What do you think? I wonder if I can lower it even further. I will try to find an extra light spring kit for it and rebuild it with new seals. I guess these were super plush forks. I will also powder coat it the lowers to match the frame.

Were all the 80mm forks of that era about the same axle to crown?


----------



## snowbeaverking (Nov 9, 2009)

The trek kids bikes compoents are so heavy because they are all intended to get a large range of cockpit change as your child gets bigger. for example the crank arms have 2 sets of pedal holes to extend the arm length as your kids legs grow they call it dialed geometry great idea and even with them the are fairly competive with other manufactures weights. Kids bikes are just heavy unless you are willing to drop a grand or more for a bike that will be grown out of in a couple of years and for the majority of parents out there that just seems wastefull

You are going about it the right way if you want my 2 cents


----------



## GrayJay (May 16, 2011)

Skarab tuning/sevice manual list the lowest rider weight for the lightest springs as 100 pounds. To go even softer for a kid, if this is a dual coil spring fork you might try to completely eliminate one of the springs, just run one in one side, this would also shed some weight. 
Nice thing about air spring forks for kids is that you can easily tune them jut by changing air pressure, no need to source custom springs.


----------



## GrayJay (May 16, 2011)

snowbeaverking said:


> The trek kids bikes compoents are so heavy because they are all intended to get a large range of cockpit change as your child gets bigger. for example the crank arms have 2 sets of pedal holes to extend the arm length as your kids legs grow


Extra set of pedal holes should make the crank lighter, not heavier! 
Actually, the MT220 came with a junky, heavy steel arm crankset (with dial-fit holes). Should save a bunch of weight to replace it with a suitably short aluminum arm & ring crank, set it up as 1X chainring and ditch the FD too.


----------



## snowbeaverking (Nov 9, 2009)

Gray Jay to have the hole in it that is not beenig used the arm has to be beefier or it would break there is also the second set of steel threaded sleeves that add to it's weight. If it had no structual impact all the wieght weenies would be drilling holes in their crank arms to lighten them up


----------



## GrayJay (May 16, 2011)

snowbeaverking said:


> Gray Jay to have the hole in it that is not beenig used the arm has to be beefier or it would break there is also the second set of steel threaded sleeves that add to it's weight. If it had no structual impact all the wieght weenies would be drilling holes in their crank arms to lighten them up


Trek offers two dial-fit crank options (can be ordered as relpacement parts through a Trek dealer). The 140mm/120mm cranks is the junky one made of steel, probably 50X stronger than would be needed for a 70 pound kid. The 152mm/127mm crank arms are made of aluminum and are reportedly much lighter. 
I dont think I have ever had an aluminum crank that came with threaded steel inserts for the pedal spindle thread, the threads are most typically tapped directly into the aluminum, certainly wouldnt be required to deal with the torque of a 70 kid. I think the steel 140/120 crank is just an example of using grossly overweight & cheapest possible parts, not due to a strength requirement.

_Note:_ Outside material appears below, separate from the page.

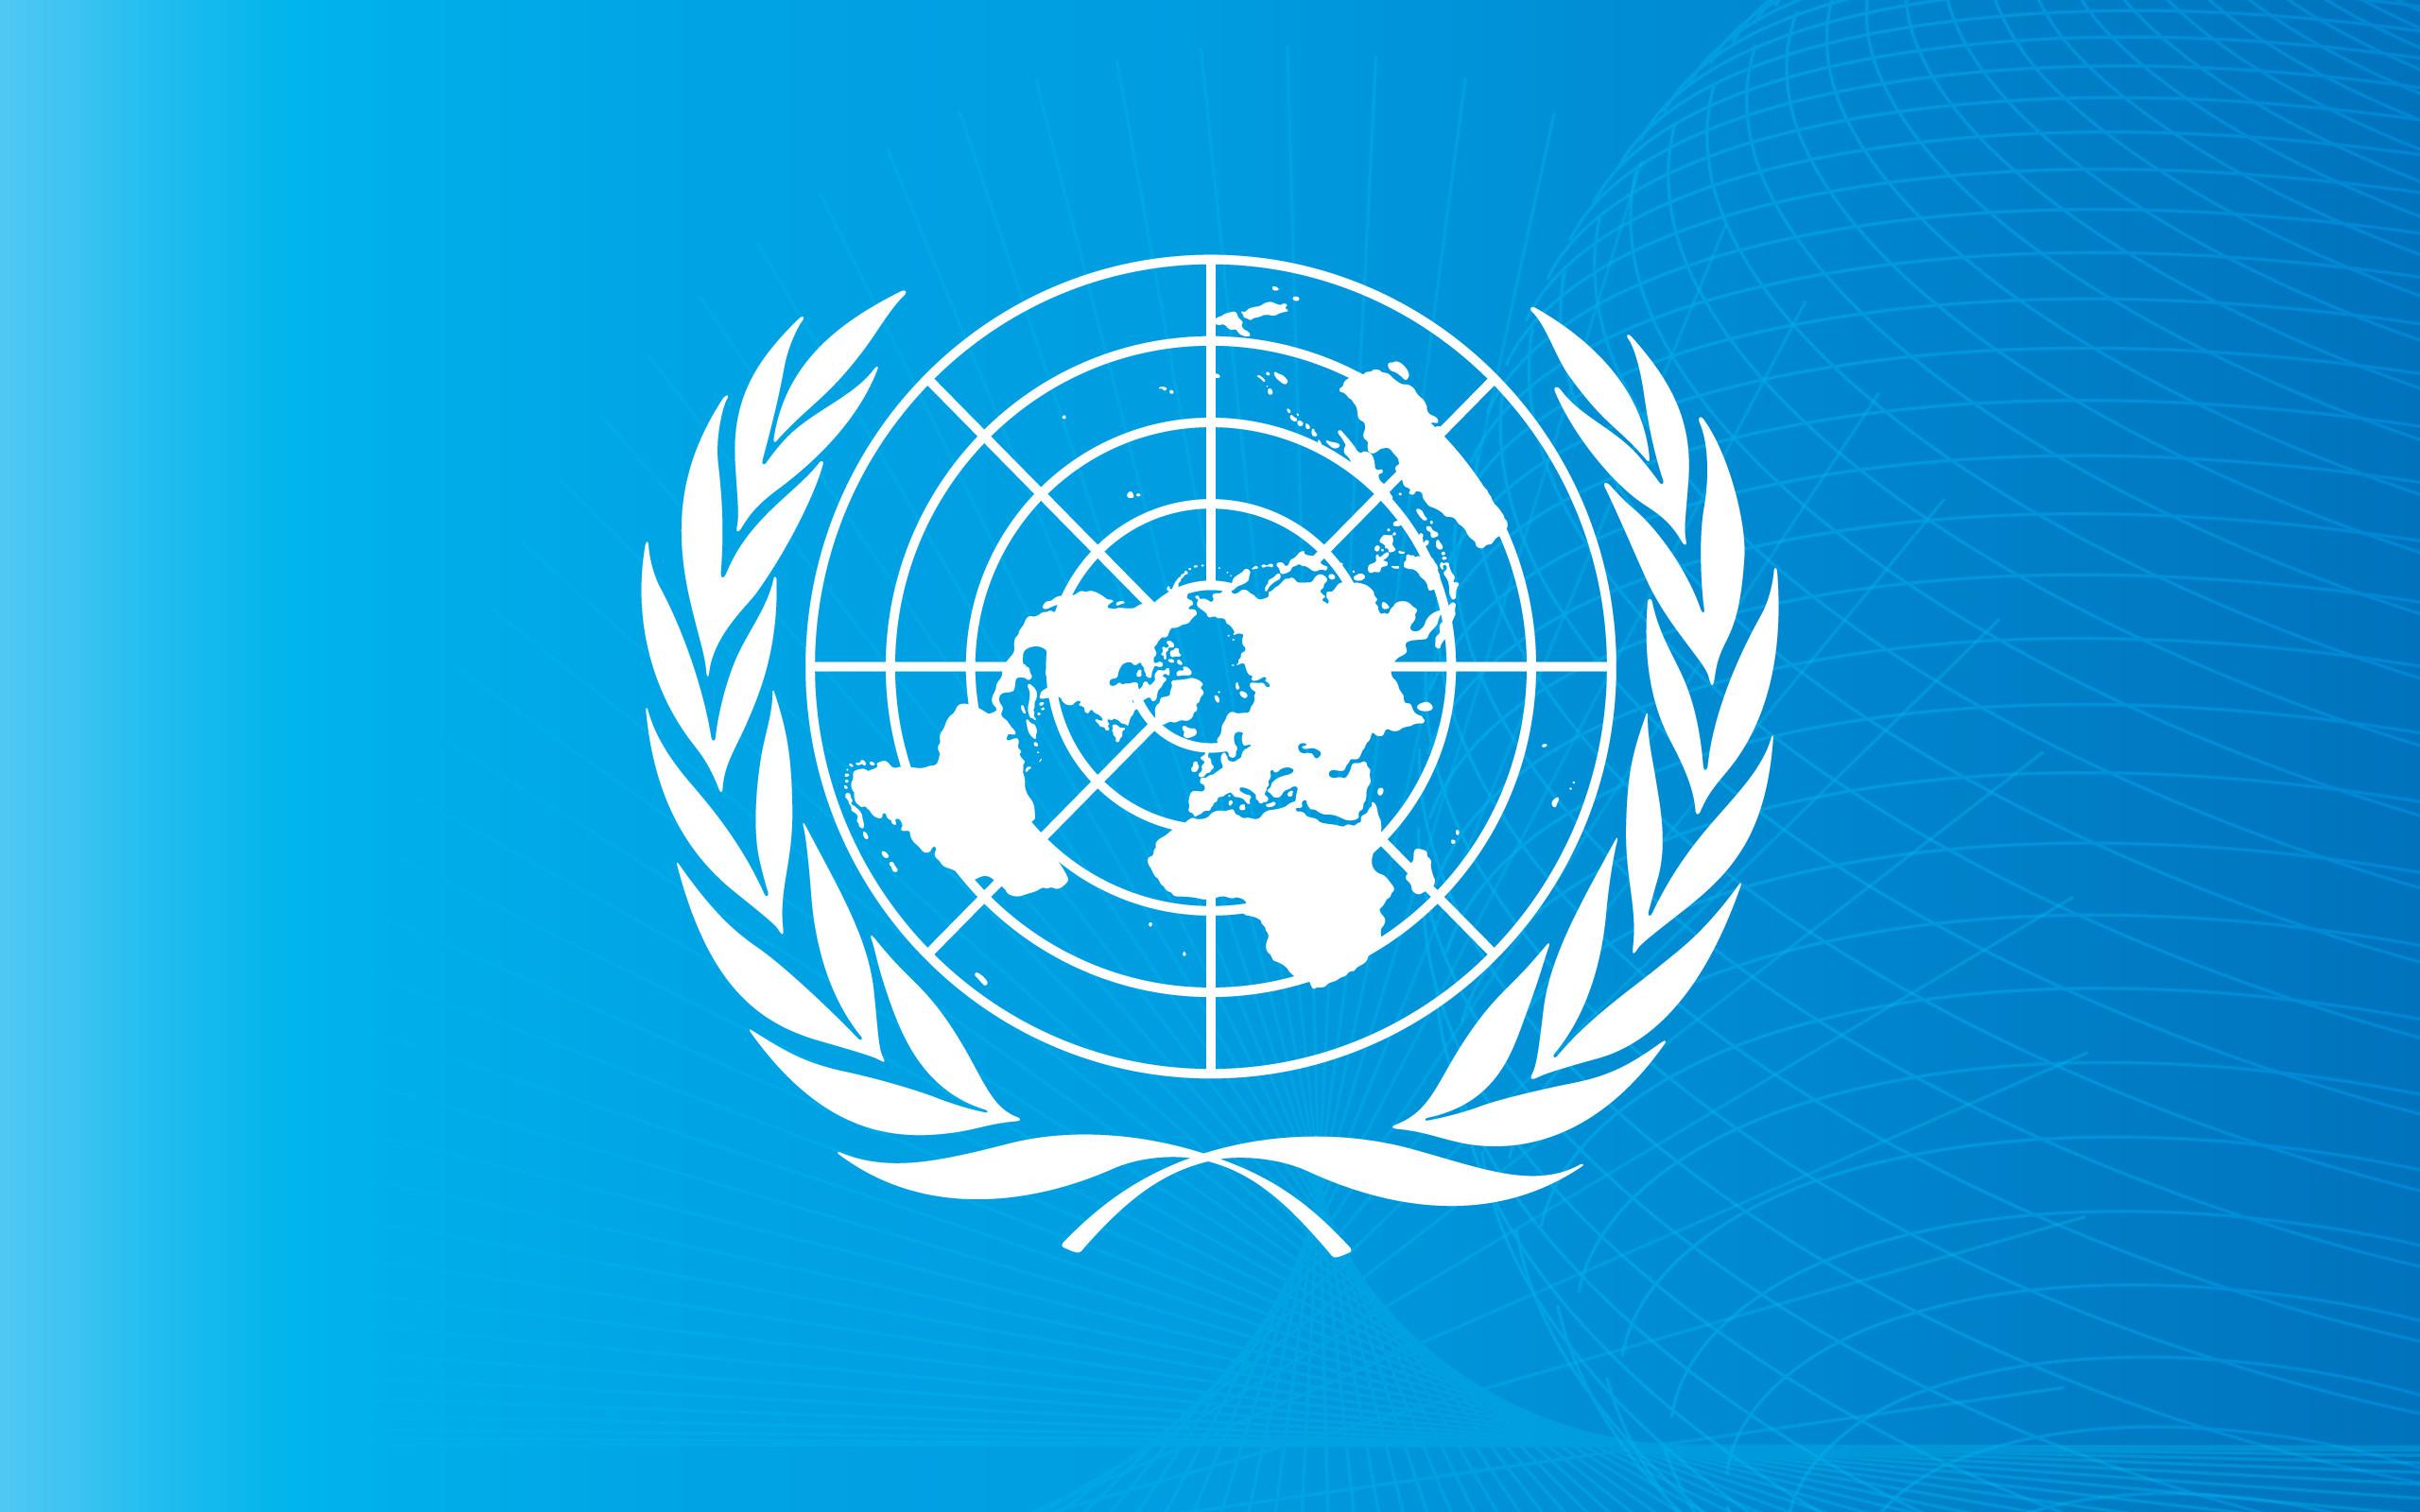 United Nations [2560x1600] wallpaper 2560x1600

Trek part W292771 140mm/120mm pedal positions 
Trek part W298798 152mm/127mm pedal positions

more info on these at;
Dialed dual-hole cranks [Archive] - Unicyclist Community


----------



## Venturewest (Jul 13, 2007)

GrayJay said:


> Skarab tuning/sevice manual list the lowest rider weight for the lightest springs as 100 pounds. To go even softer for a kid, if this is a dual coil spring fork you might try to completely eliminate one of the springs, just run one in one side, this would also shed some weight.
> Nice thing about air spring forks for kids is that you can easily tune them jut by changing air pressure, no need to source custom springs.


I picked up the Skareb for $15, so for the price and weight of the fork, I decided it would be worth it to make it work. I figure I maybe can pick up a custom spring if I need to. It looks like it is a single spring fork, because the air spring does the majority of the work. The spring is just for small bump compliance. I may even experiment with shortening the spring. I will have to see once I disassemble it.

I did end up getting the frame, so I am $65 into the project with a frame and fork. Should be fun. This will be about a one year build. I am going to take my time finding great deals. I was messing with a weight spreadsheet today and it seems possible to get sub 20 lbs for under $500 maybe under $400.


----------



## joe_bloe (Nov 18, 2010)

Venturewest said:


> I picked up the Skareb for $15, so for the price and weight of the fork, I decided it would be worth it to make it work. I figure I maybe can pick up a custom spring if I need to. It looks like it is a single spring fork, because the air spring does the majority of the work. The spring is just for small bump compliance. I may even experiment with shortening the spring. I will have to see once I disassemble it.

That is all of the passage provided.